Indonesian authorities should ensure the safety of all those attending the trial of 11 men charged in the deadly February 2011 attacks on the Ahmadiyah community in the village of Cikeusik in western Java, Human Rights Watch said. Human Rights Watch said that the trial, which begins April 21, in Serang district, Banten province, can help reduce anti-Ahmadiyah violence in the country if it meets international fair trial standards and provides full protection for victims, witnesses, and court officials.
Longstanding impunity for religious violence in Indonesia has fostered larger and more brutal attacks by Islamist militants against religious minorities, and may have contributed to an April 15 suicide bombing of a police mosque in Cirebon, West Java province, Human Rights Watch said.
“For the Cikeusik trial to be a step toward ending religious violence in Indonesia, the police need to ensure the security of everyone in the courtroom,” said Elaine Pearson, deputy Asia director at Human Rights Watch. “Witnesses brave enough to testify, as well as judges and prosecutors, should not have to face intimidation.”
On February 6, a mob of about 1,500 people attacked 21 members of the Ahmadiyah religious community in Cikeusik, in Banten province, killing three people and seriously wounding five others. About 30 police officers were present but did little to stop the attack. A videographer recorded the violence, and the video was later posted by various individuals and organizations on YouTube. Since the attack, Ahmadiyah members in the village have found it difficult to return home due to tension and continued harassment from government officials and other villagers. Only an Ahmadiyah widow and her daughter remain in the village; others have moved to larger cities.
Few cases of violence against religious minorities reach trial in Indonesia, and such trials on Java, Indonesia’s majority-Muslim main island, have often been disrupted by Islamist militant threats and violence.
In a trial that began in January in Bogor district court regarding an October 2010 attack on an Ahmadiyah mosque in Cisalada village, more than 1,000 Islamist militants attended the hearings at times. Over the course of the trial, they threatened and harassed witnesses, judges, and prosecutors both in and outside the courtroom. On April 14, three defendants were found guilty of attacking the Ahmadiyah mosque and sentenced to prison terms of between four and six months; prosecutors had sought nine-month sentences.
In 2008, numerous activists from the Islamic Defender Front (FPI) attended the trial of an FPI member charged with violence at a June 2008 interfaith rally supporting the Ahmadiyah at the National Monument (Monas) in Jakarta. A witness said FPI members assaulted her outside the courtroom.
Human Rights Watch called on President Susilo Bambang Yudhoyono to review the increasing violence against religious and other minorities in Indonesia, and to revoke national and provincial decrees that ban Ahmadiyah practices.

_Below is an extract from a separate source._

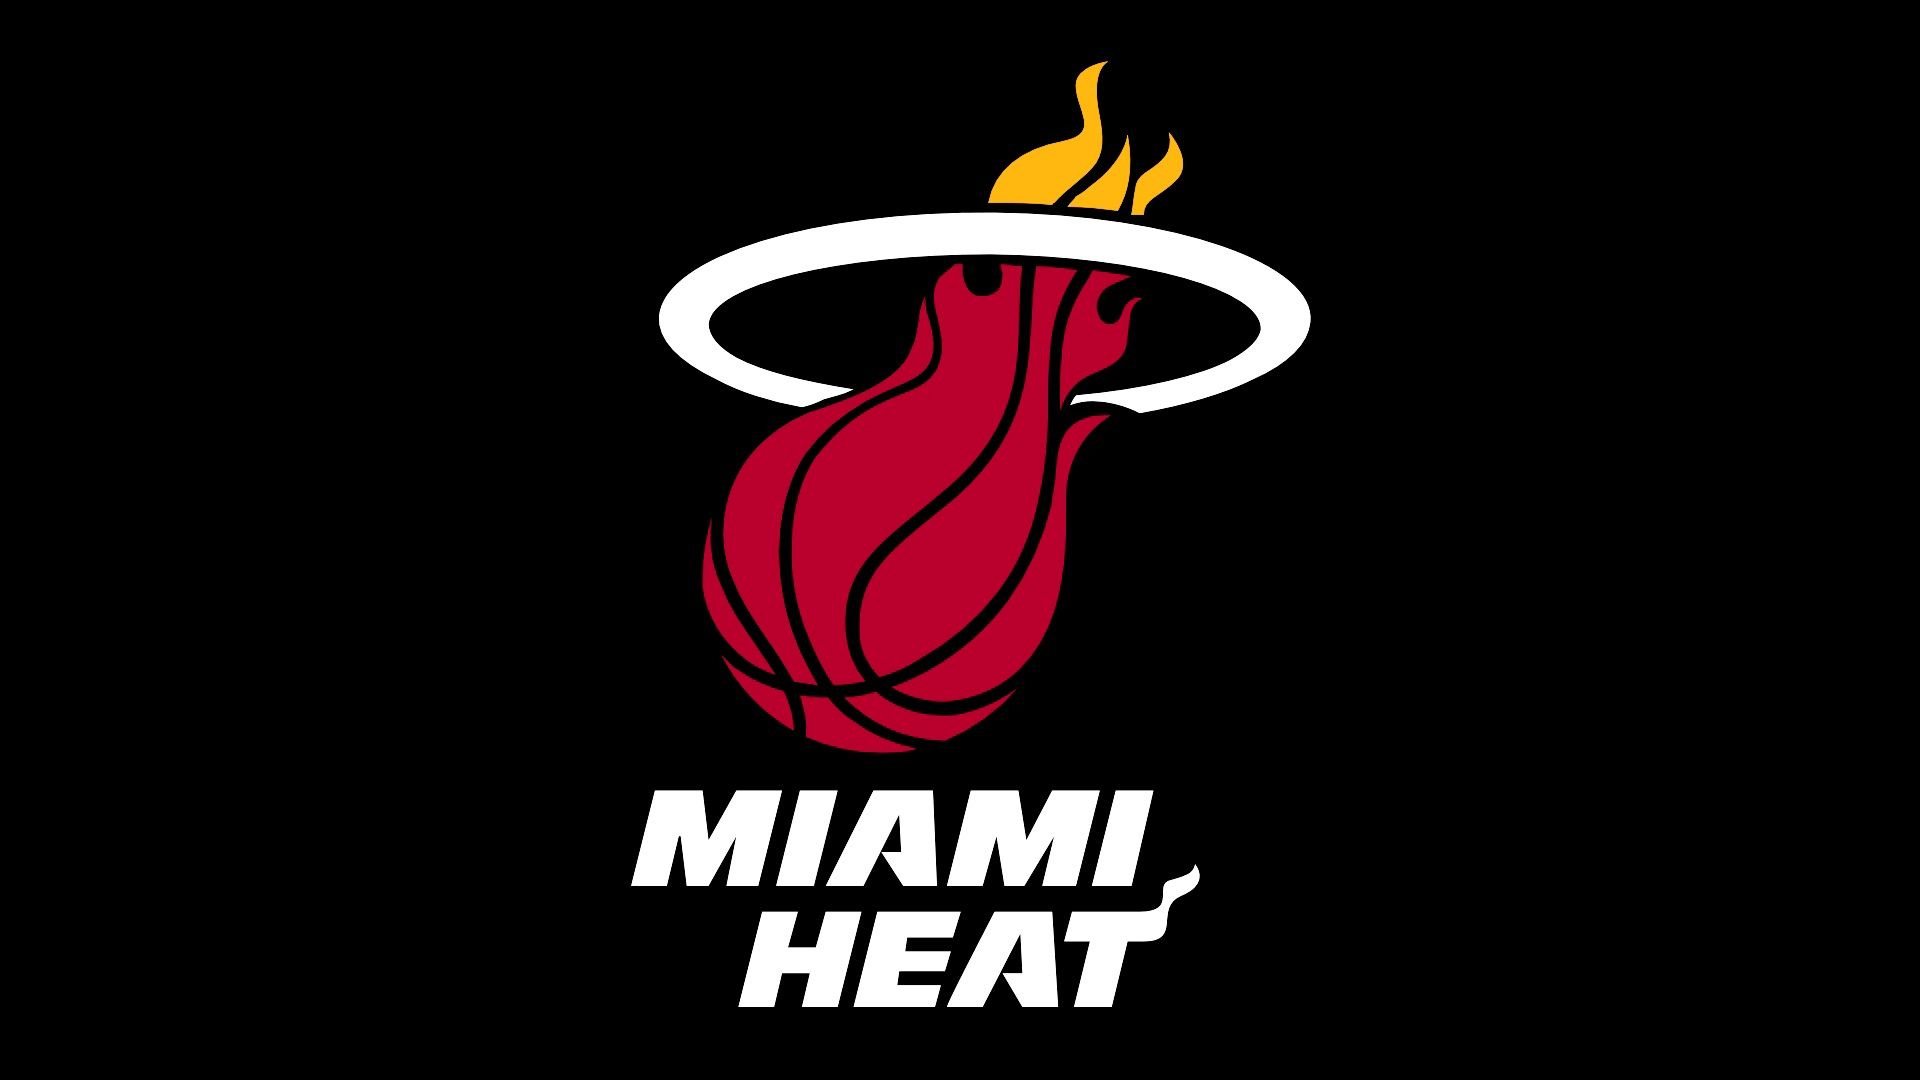 Miami Heat Logo Wallpaper Basketball Team NBA to Days Basketball
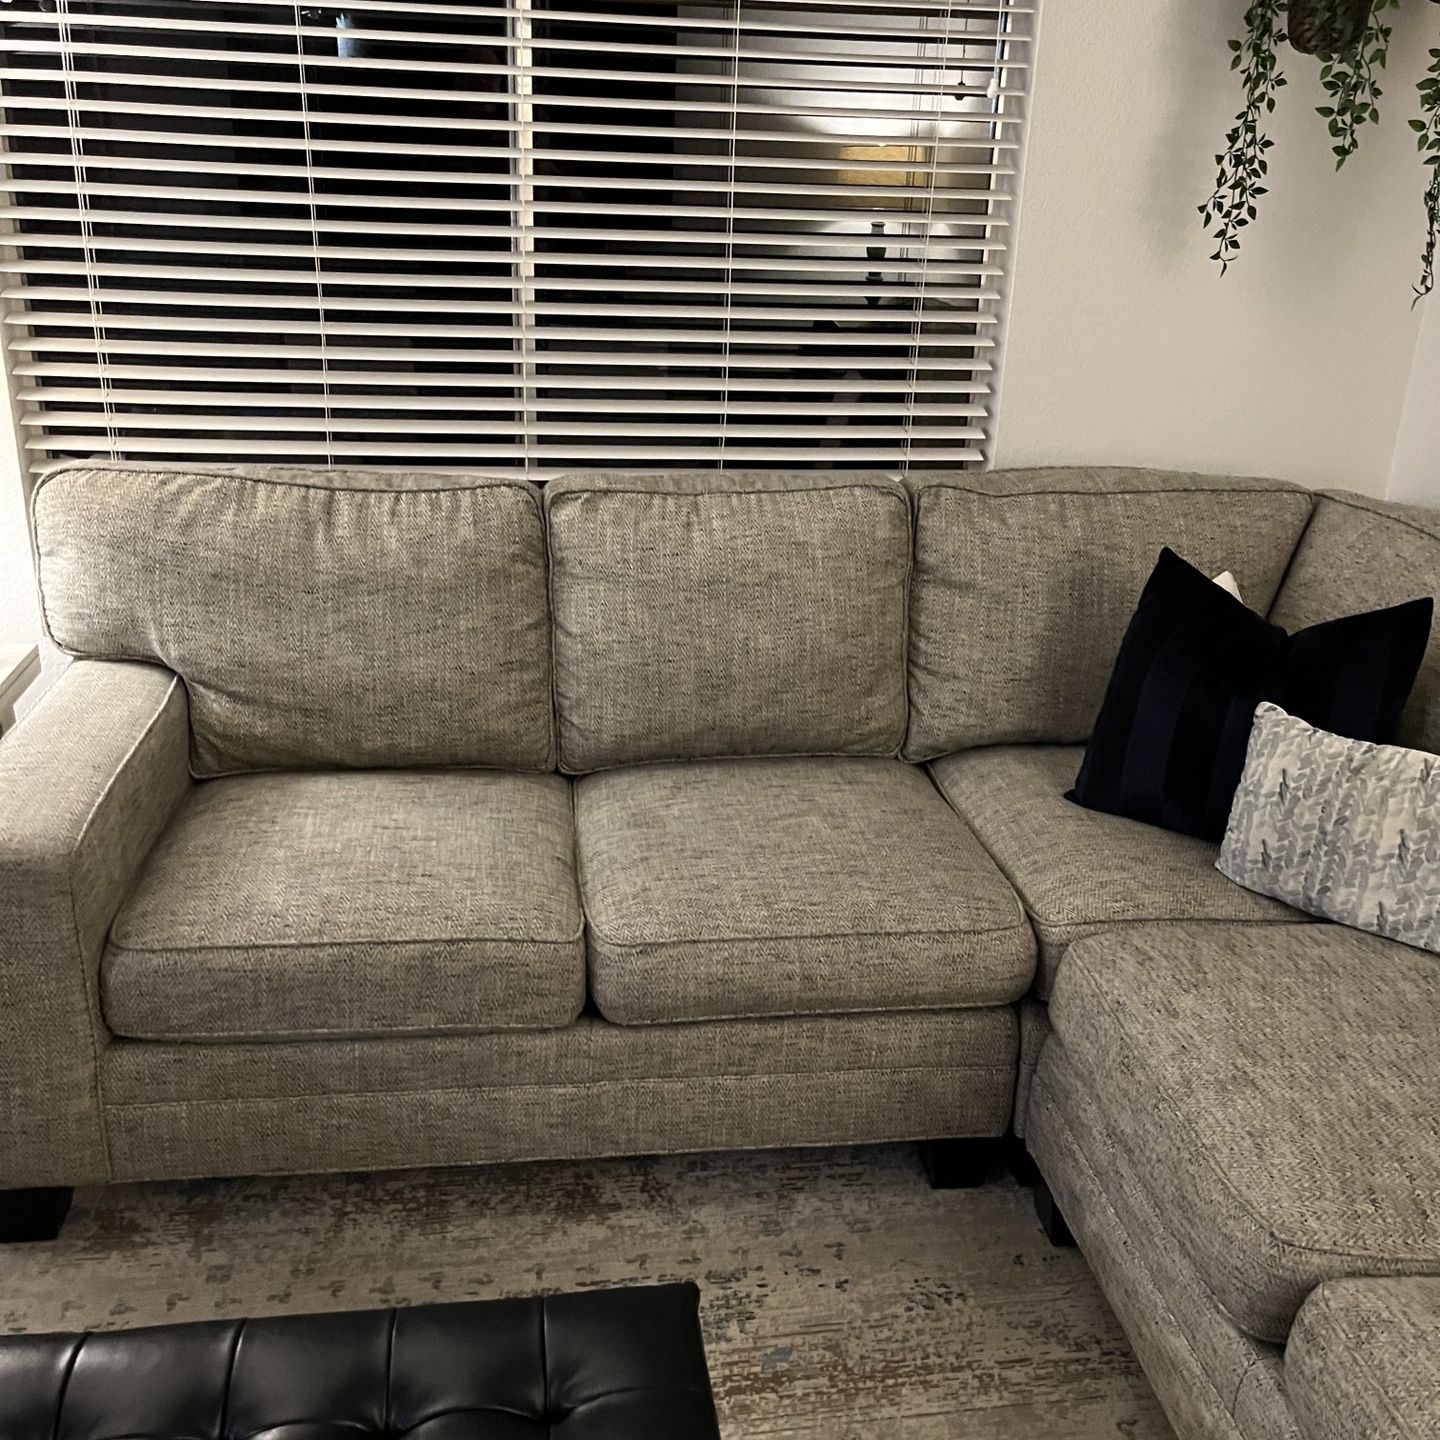 Large sectional Sofa

Over the past three years, there have been more than 180 anti-Ahmadiyah attacks, according to the Setara Institute, a nongovernmental group that monitors religious freedom.
A June 2008 national decree requires the Ahmadiyah to “stop spreading interpretations and activities that deviate from the principal teachings of Islam,” including “spreading the belief that there is another prophet with his own teachings after Prophet Muhammad.” Violations of the decree can result in prison sentences of up to five years.
The Ahmadiyah identify themselves as Muslims but differ with other Muslims as to whether Muhammad was the “final” monotheist prophet. Consequently, some Muslims perceive the Ahmadiyah as heretics.
On April 15, 2011, a suicide bomber, Mochamad Syarif, detonated a bomb at the mosque in the Cirebon police precinct, West Java, leaving 26 wounded. Syarif had been previously implicated in anti-Ahmadiyah attacks in Manis Lor, West Java, in July 2010, and harassing witnesses in a religious trial on blasphemy in Cirebon in 2010. Footage from Metro TV shows Syarif participating in demonstrations against the Ahmadiyah, banging on a vehicle holding the prosecutor and the blasphemy suspect, and attacking a police barricade at Manis Lor village.
“President Yudhoyono should rein in Islamist militants before they claim more lives, and that starts with revoking policies that promote religious intolerance,” Pearson said. “The government should be aggressively prosecuting all those responsible for scores of attacks against religious minorities in recent years.”
In a positive development, on February 16, the Nahdlatul Ulama, an independent Islamic organization, released a statement calling on all Muslims to respect the law and avoid religious violence.
Established in Indonesia in the 1920s, the Nahdlatul Ulama is one of the largest Islamic organizations worldwide. The statement says that “differences of religion and belief cannot be a justification to commit violent or arbitrary acts,” and urges the government “seriously fulfill its constitutional obligation to enforce the law and provide protection to all citizens regardless of religion or belief.”
“A major Muslim organization is telling the government to get serious about ending religious violence and protecting Indonesians of all beliefs,” Pearson said. “The government needs to start listening and taking action to prevent future crimes against minorities like the Cikeusik killings and Cirebon bombing.”